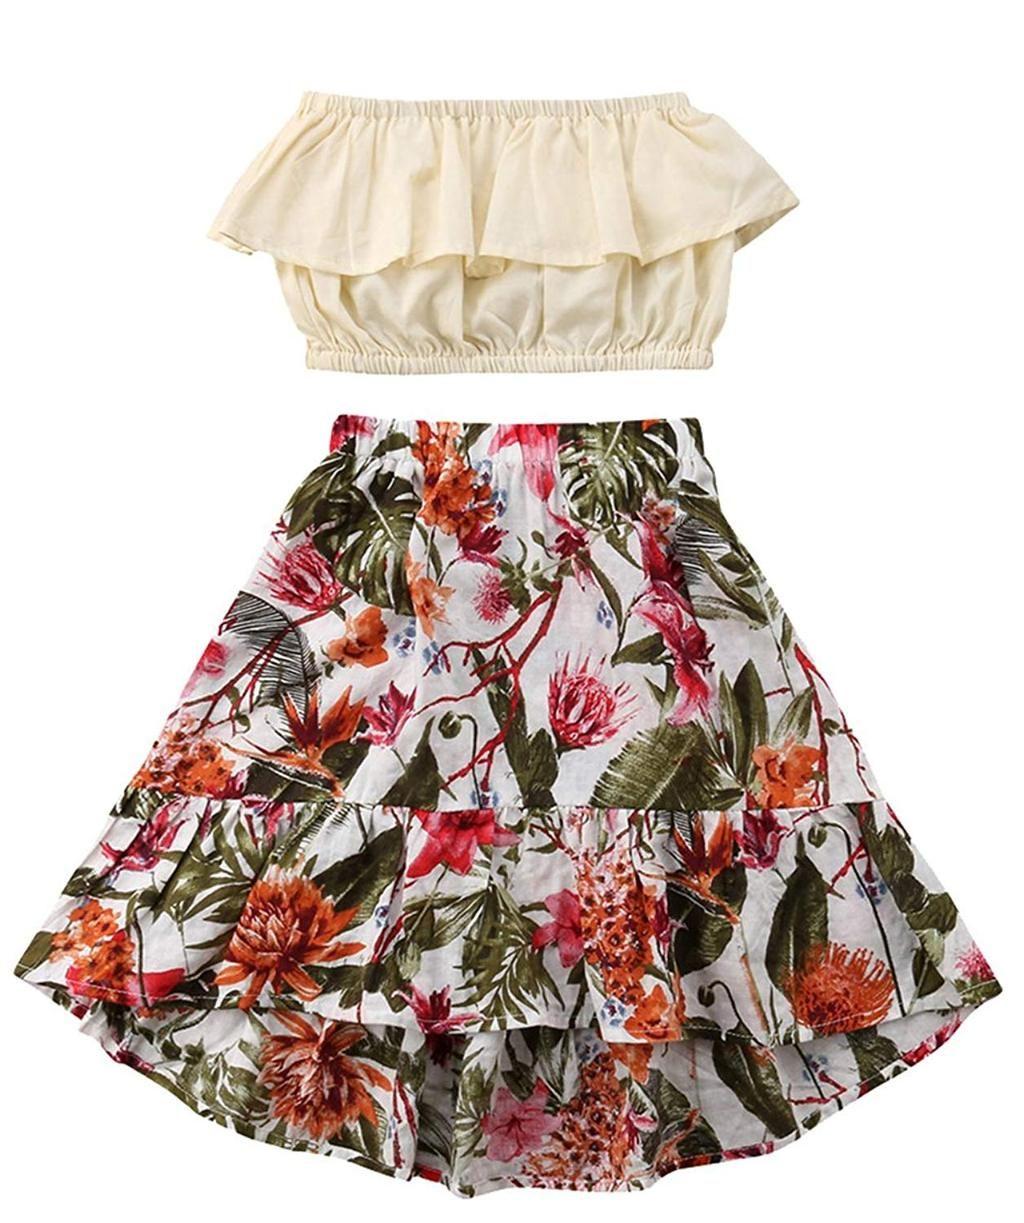 Summer Girl Sleeveless Top Skirt Dress Casual Skirt Outfits Little Girl Summer Dresses Printed Long Skirt [ 1223 x 1024 Pixel ]
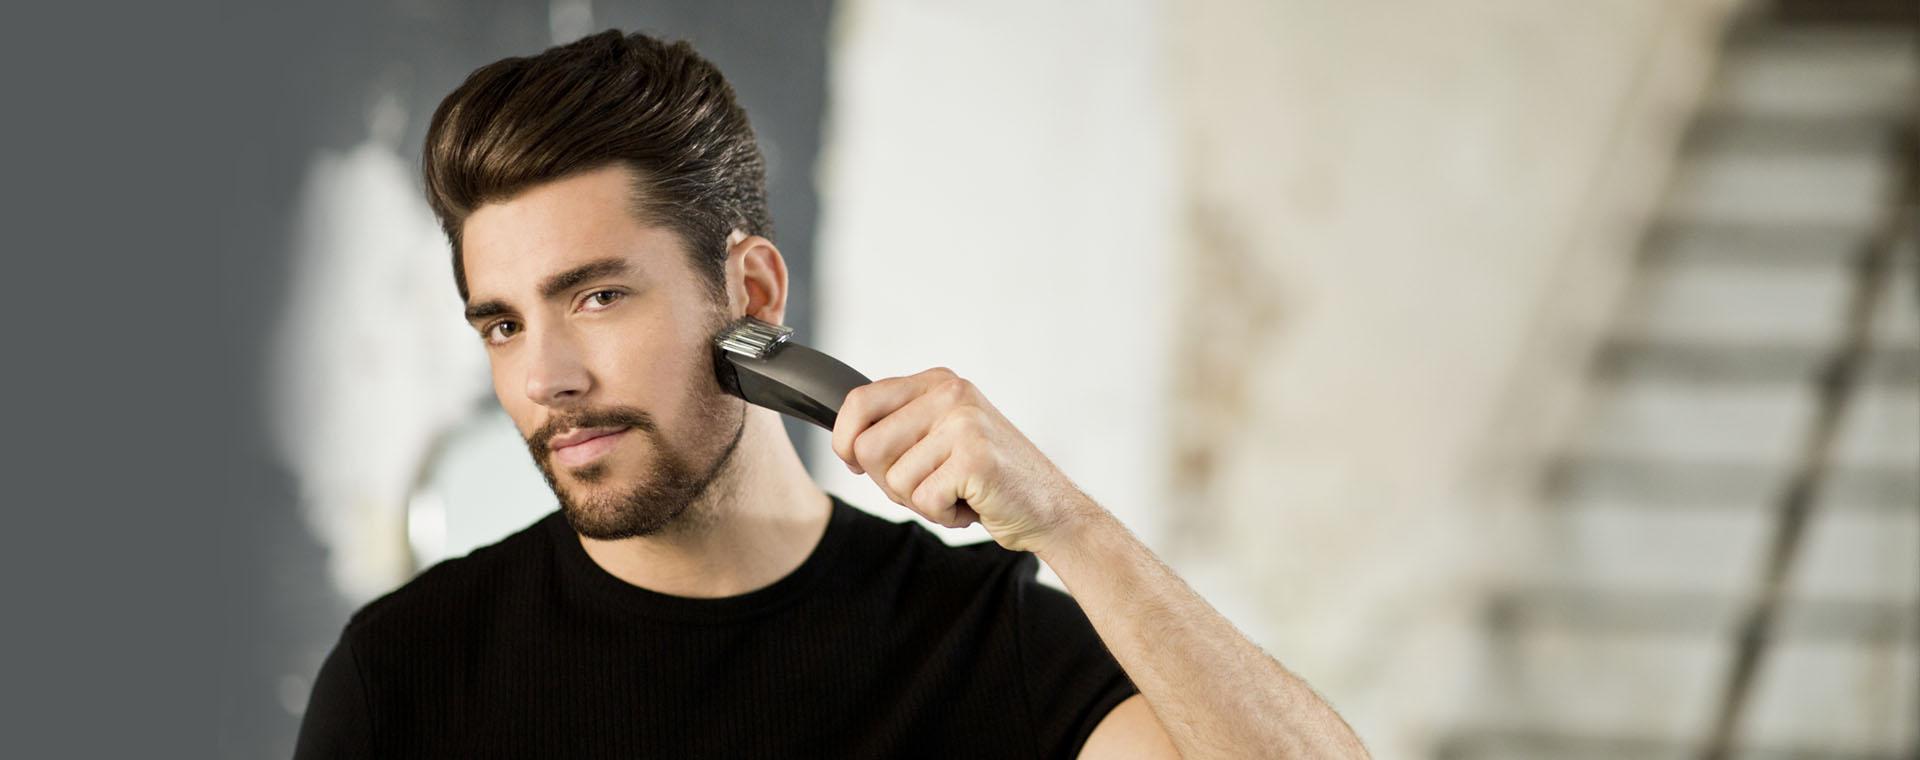 Beard Boss Beard Trimmer Mb4120 Remington Uk
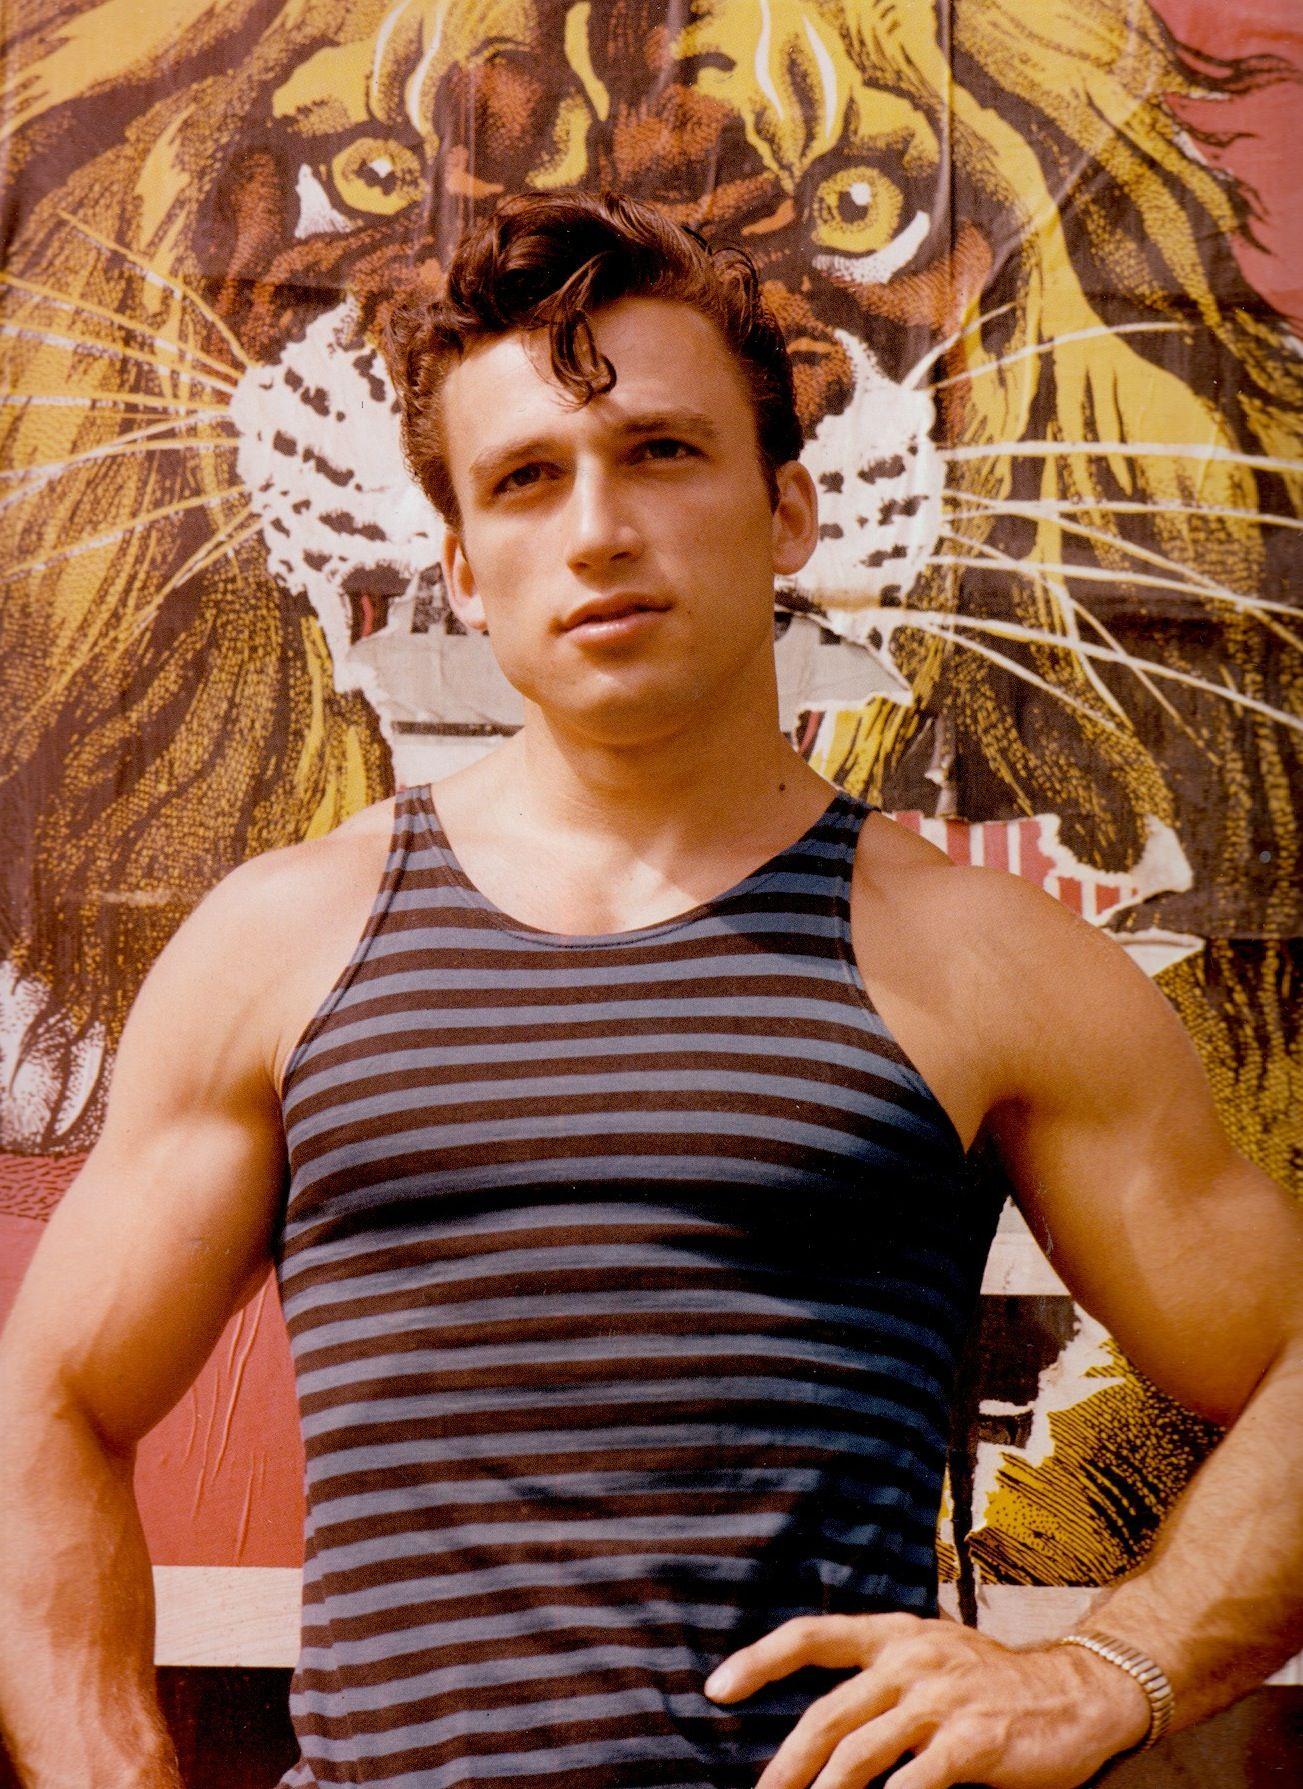 Danny Fitzgerald and Les Demi Dieux: Brooklyn Boys
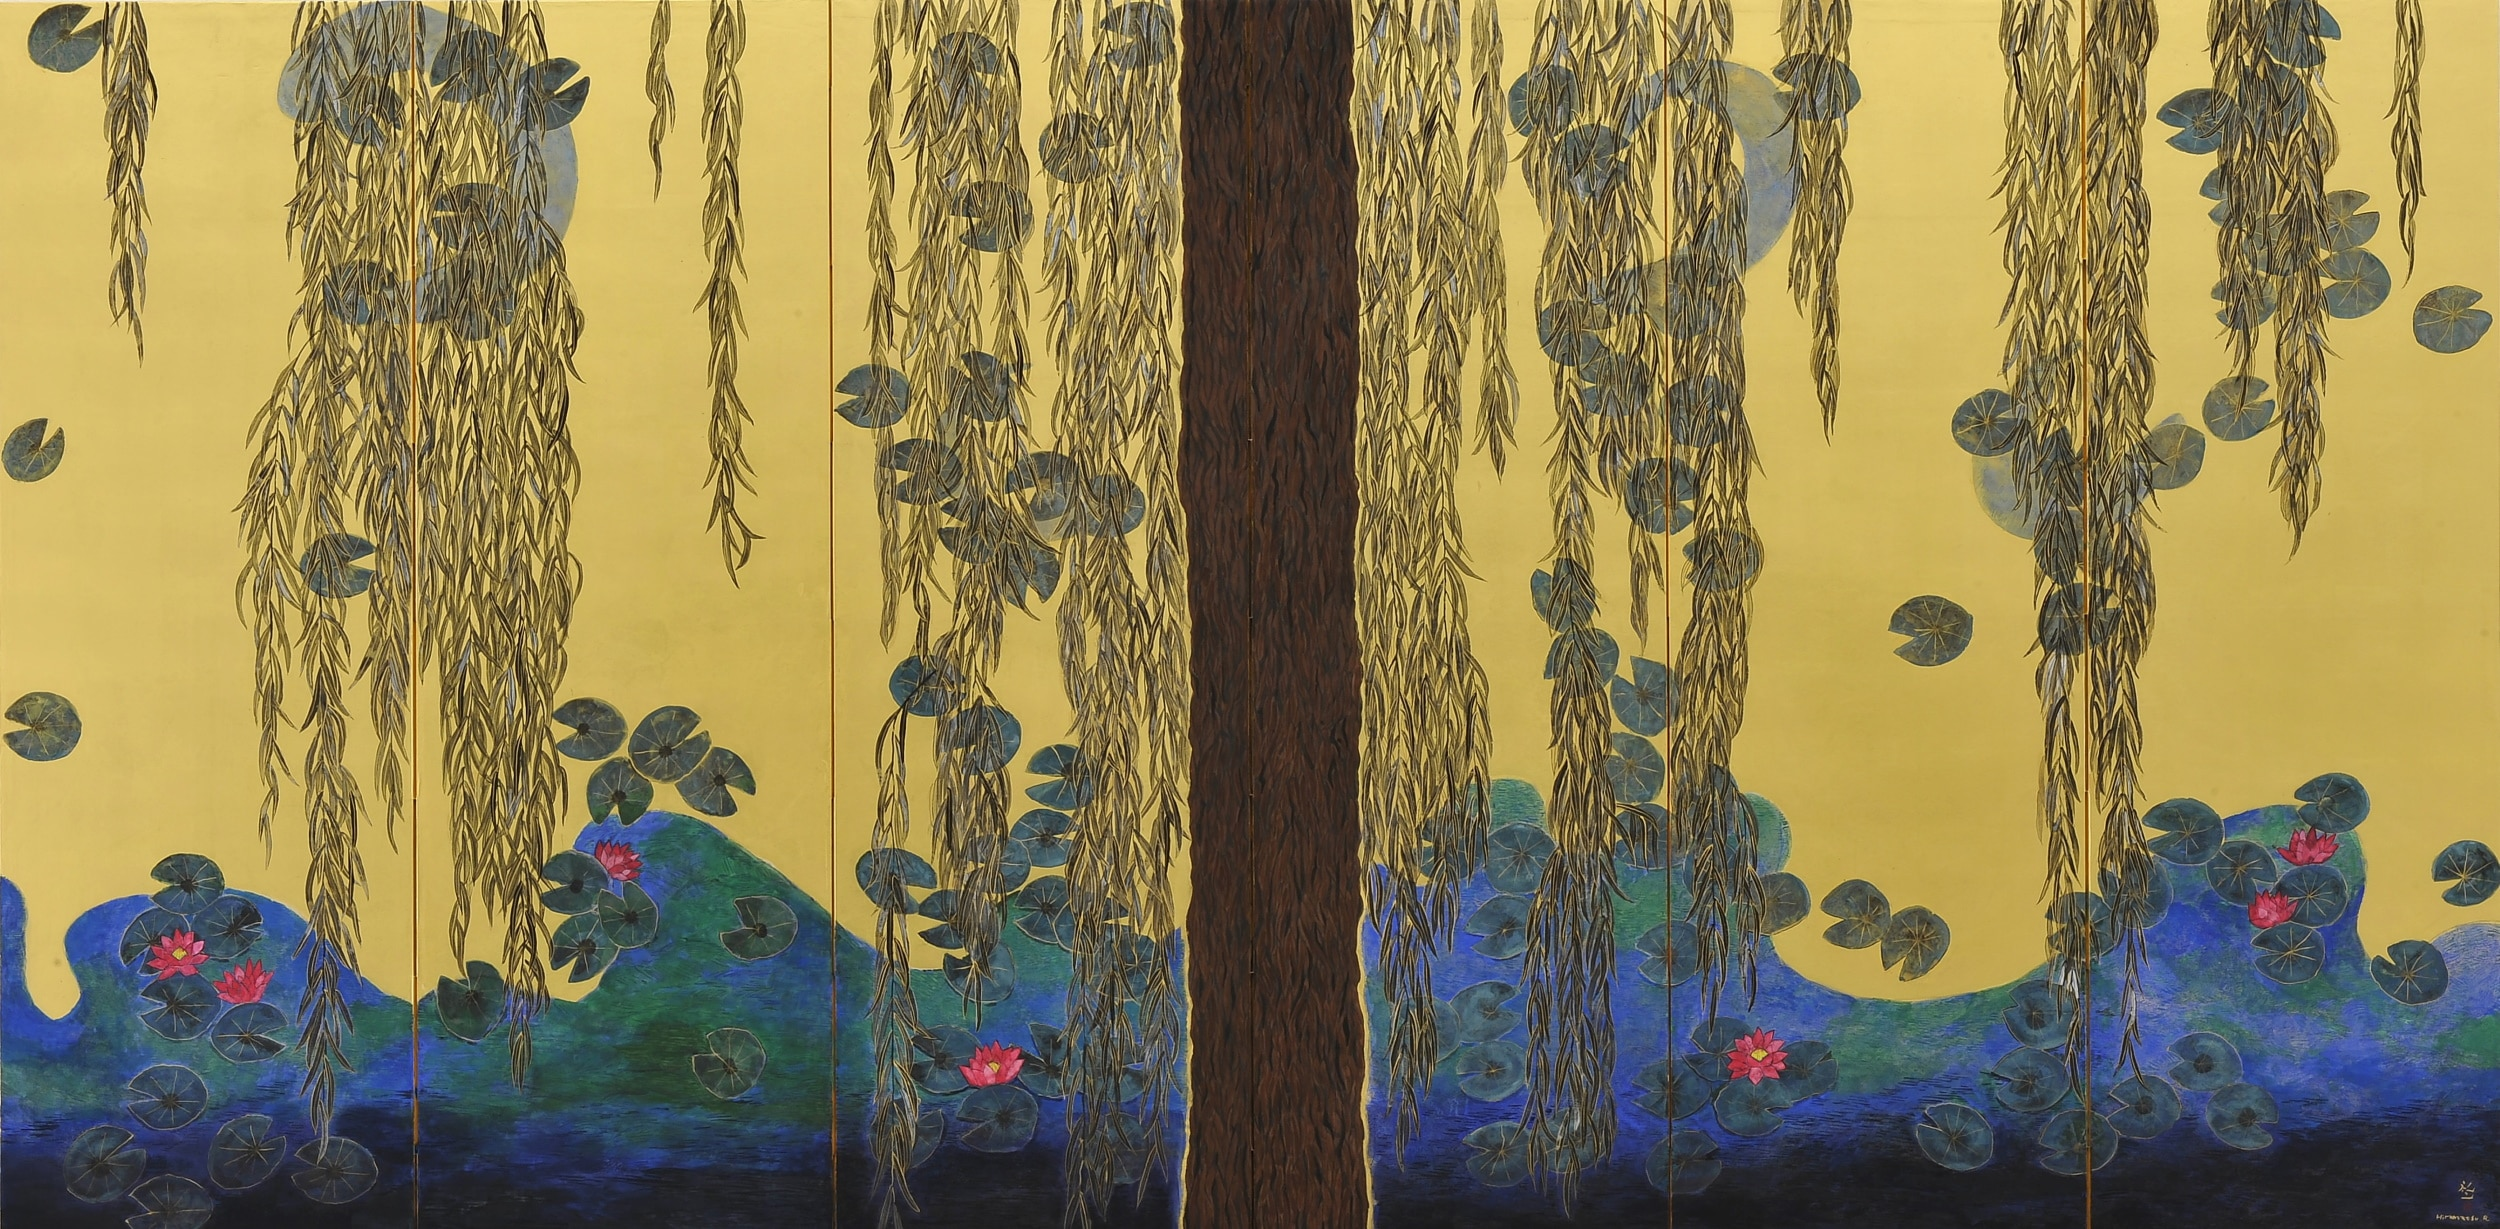 Hiramatsu Reiji, Giverny, l'étang de Monet ; brise légère
++++++
Your instructions:
Word for word and without pictures, restate only the lines running from the one that contains "Beard Boss Beard Trimmer Mb4120 Remington Uk" through the last line of the listing above.

Worked solution:
 Beard Boss Beard Trimmer Mb4120 Remington Uk
 Danny Fitzgerald and Les Demi Dieux: Brooklyn Boys
 Hiramatsu Reiji, Giverny, l'étang de Monet ; brise légère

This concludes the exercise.